1. ## Bit of help please, rule

Ok, so how to do we use the quotient rule to show that this function

$g(x) = \frac{e^{(20-x/36)}}{(5+x)^2}$ ................ $(x>-5)$

has derive.

$k '(x) = \frac{(14+5x-x^2)e^{x(20-x/36)}}{18(5+x)^3}$

Thank you

Ok, so how to do we use the quotient rule to show that this function

$g(x) = \frac{e^{(20-x/36)}}{(5+x)^2}$ ................ $(x>-5)$

has derive.

$k '(x) = \frac{(14+5x-x^2)e^{x(20-x/36)}}{18(5+x)^3}$

Thank you
Let $f= e^{20-x/36}$ and let $g=(5+x)^2$ then use the quotient formula $\frac{d}{dx}[\frac{f(x)}{g(x)}] = \frac{g(x)\frac{d}{dx}[f(x)]-f(x)\frac{d}{dx}[g(x)]}{[g(x)]^2}$ and simplify.
Keep in mind that the derivitive of $(5+x)^2$ is 2(x+5) and $f'(x)= \frac{1}{36}e^{20-x/36}$ (you can verify).
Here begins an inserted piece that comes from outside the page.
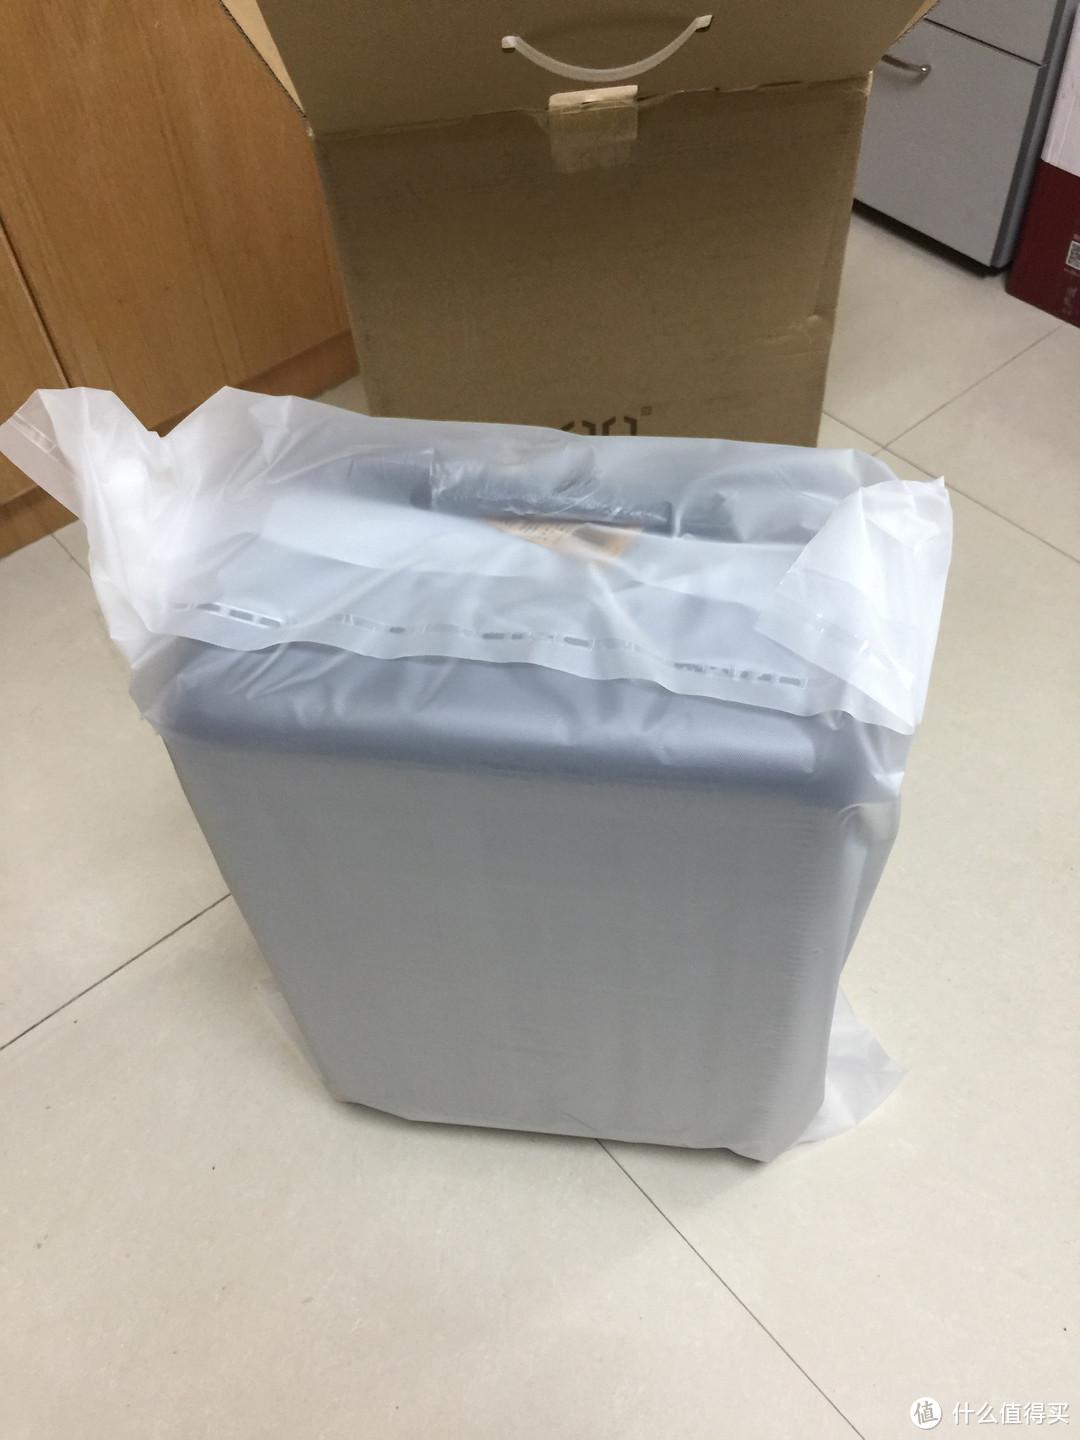 包裹箱子的塑料袋质感也很好，可以防止一般的摩擦刮花箱体表面。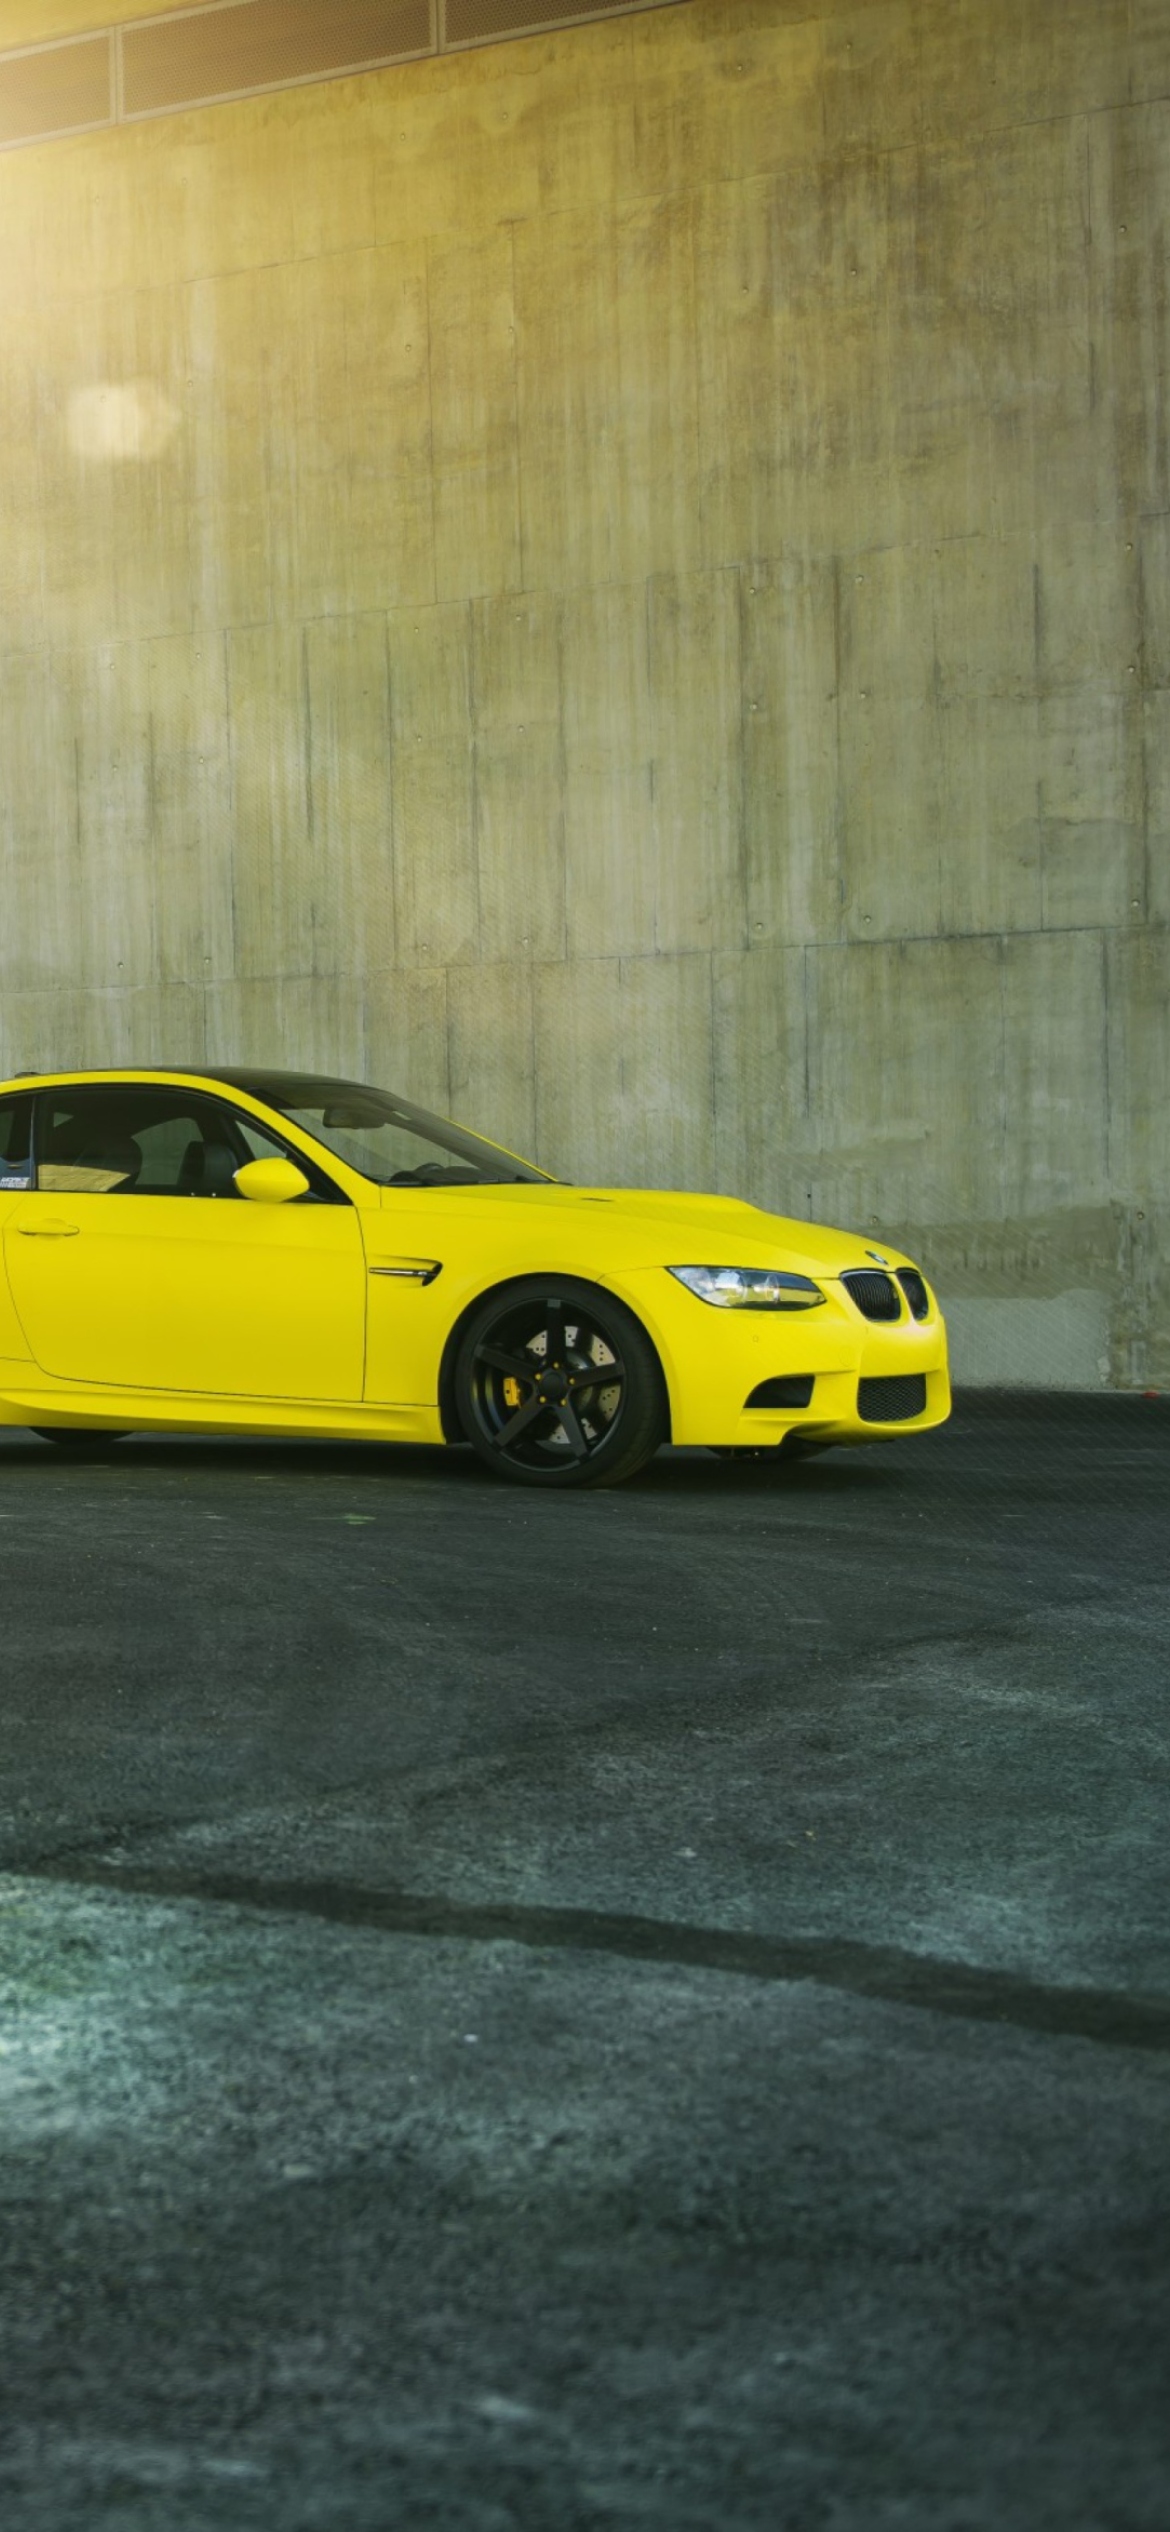 Yellow BMW wallpaper 1170x2532

So you have:

$\frac{[(5+x)^2 . \frac{e^{20-x/36}}{36}] - [e^{20-x/36} . 2(x+5)]}{(5+x)^4} = \frac{(14+5x-x^2)e^{x(20-x/36)}}{18(5+x)^3}$

Ok, so how to do we use the quotient rule to show that this function

$g(x) = \frac{e^{(20-x/36)}}{(5+x)^2}$ ................ $(x>-5)$

has derive.

$k '(x) = \frac{(14+5x-x^2)e^{x(20-x/36)}}{18(5+x)^3}$

Thank you
$u = e^{20-x/36}$ $u' = -\frac{1}{36}e^{20-x/36}$

$v = (5+x)^2$ $v' = 2(5+x)$

$g'(x) = \frac{-(5+x)^2 \cdot \frac{1}{36}e^{20-x/36} - 2(5+x)e^{20-x/36}}{(5+x)^4} = -\frac{e^{20-x/36}\left({x} +77\right)}{36(5+x)^3}$

4. looking at both your posts, they are both different solutions arent they?